BUEA/YAOUNDE, Cameroon, April 5, 2022—Doctors Without Borders/Médecins Sans Frontières (MSF) is suspending its medical and humanitarian activities in the Southwest region of Cameroon as it calls for the release of four staff members who have been unjustly detained for months.
On December 27, 2021, two MSF staff members were arrested after the ambulance in which they were transferring a patient with gunshot wounds was stopped at the Nguti checkpoint in the Southwest region. Despite the fact that MSF followed agreed-upon procedures to notify the authorities, the MSF staff members remain in prison in Buea in a pre-trial phase. They are being investigated for complicity with secessionism simply for carrying out their medical duties.
In the weeks that followed, two other MSF staff members were also arrested by Cameroon's Gendarmerie. They are receiving legal counsel, and MSF is in constant communication with them and their families.
"We find ourselves in an untenable position: on the one hand our activities are required, and on the other hand those who provide the medical services run the risk of being persecuted for doing their work," said Sylvain Groulx, operations manager of MSF's programs in Central Africa. "In order to fulfill our duty to our patients, we need the basic preconditions in place to allow us to carry out our activities in a safe and secure environment. MSF remains available to continue the dialogue with the authorities to resolve this issue as soon as possible, so that we can resume our medical-humanitarian activities."
In parallel with the legal procedures, MSF representatives have engaged with the Cameroonian authorities and other stakeholders at different levels by providing information and clarity on our medical activities and procedures to facilitate our staff members' release.
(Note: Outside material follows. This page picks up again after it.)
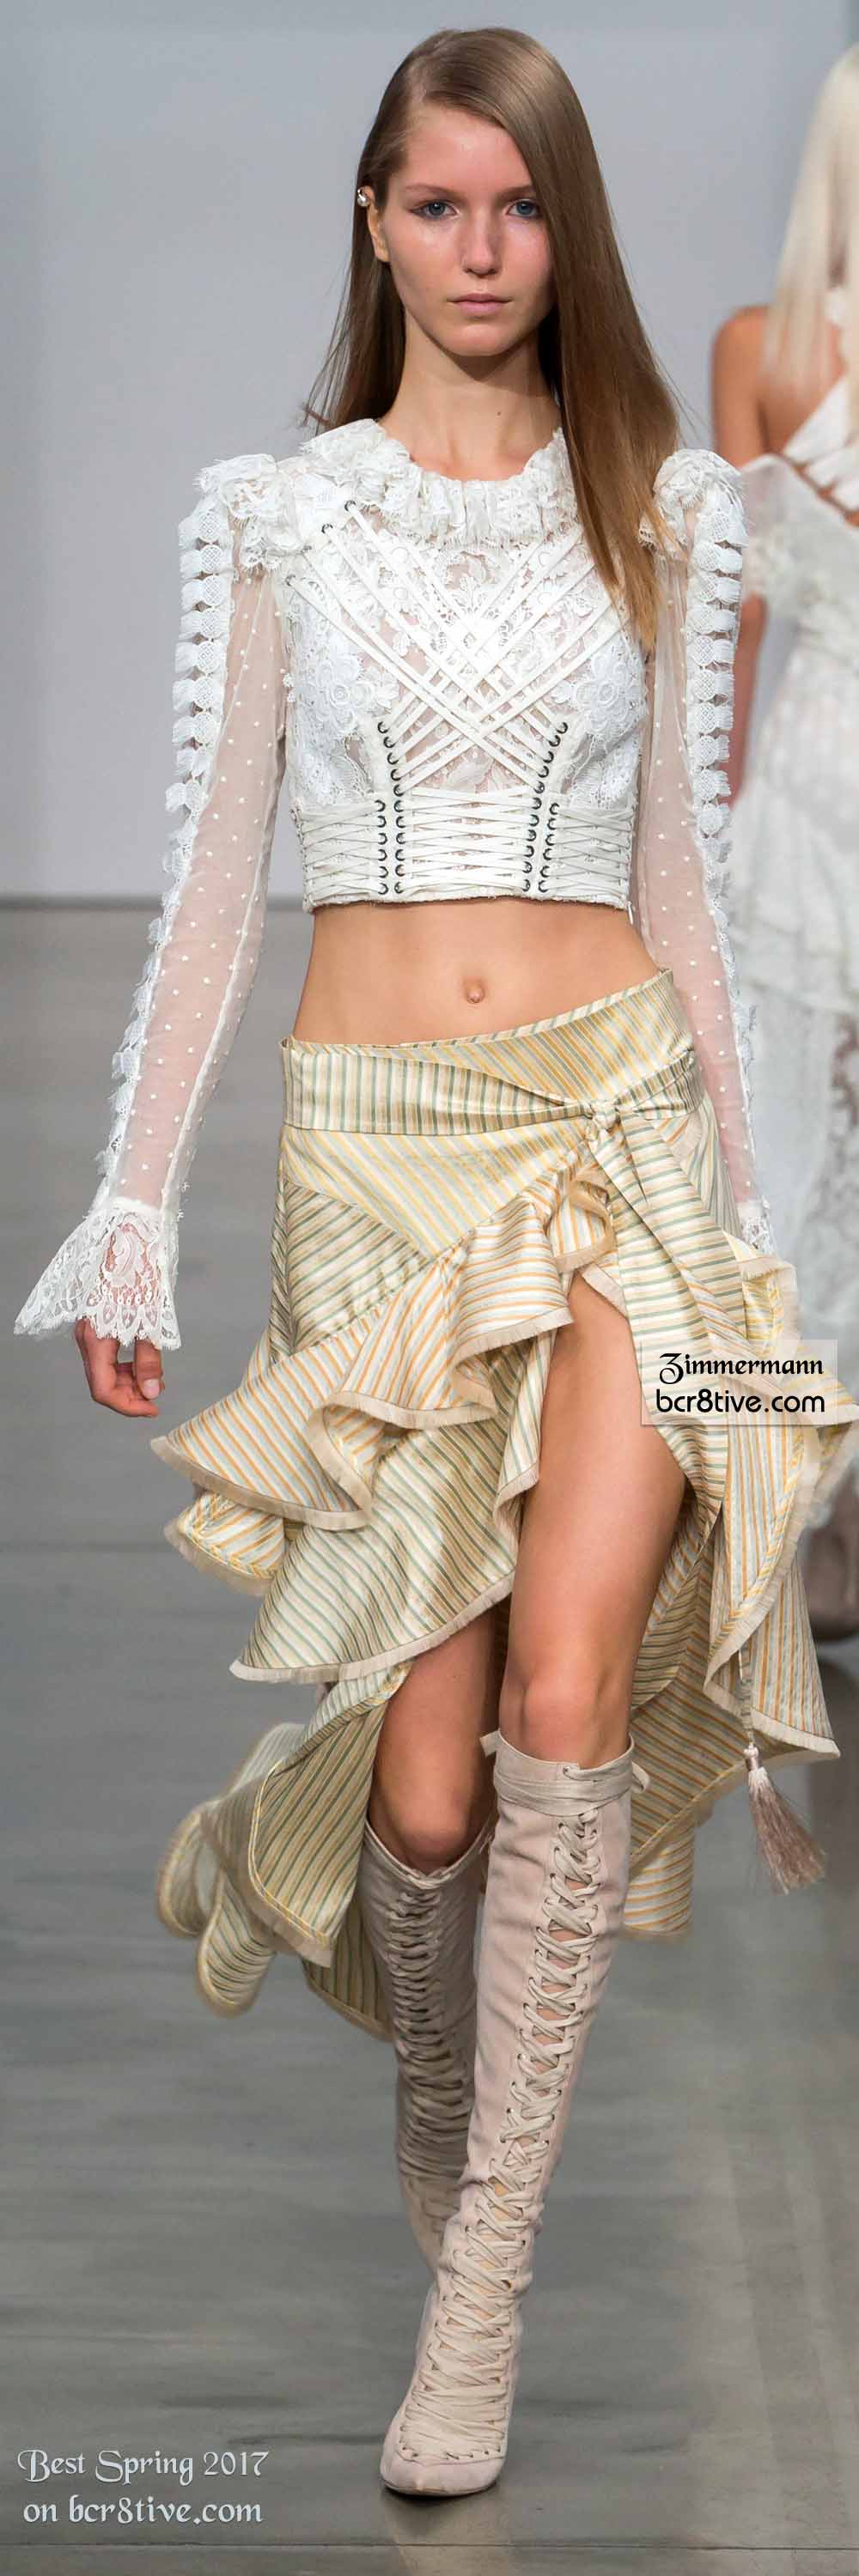 Zimmermann - The Best Looks from New York Fashion Week Spring 2017

However, this has not led to significant progress in their cases.
In February, an independent Cameroonian organization concluded in a report about the detentions commissioned by the Ministry of Defense that MSF and its staff members should be exonerated of any wrongdoing, that the organization was acting in accordance with its humanitarian principles and that MSF's staff members should therefore be released immediately.
As an international medical organization, MSF provides impartial medical services to every patient in need, in line with medical ethics and international humanitarian law.
"To guarantee access to medical care and essential humanitarian aid while ensuring maximum security for our teams and patients, in Cameroon as elsewhere in the world, our teams are in contact with all armed actors involved, both state and nonstate,” Groulx said. "This can by no means be considered as a lack of impartiality or an act of collusion with any parties to the ongoing violence in the anglophone regions."
MSF has been working in Cameroon since 1984. MSF works in the Far North, the Southwest and in Yaoundé, supporting access to health care in communities and hospitals, providing surgical care, malaria treatment, treatment for COVID-19 and health promotion. In 2020, we treated more than one million patients in Cameroon. In December 2020, MSF activities were suspended by the authorities in the Northwest region, and we are still in dialogue with them to restart our medical services. MSF was also supporting the Ministry of Health in responding to a cholera epidemic raging in the Southwest region of Cameroon. As of this week, all MSF's medical activities in anglophone regions of Cameroon have stopped.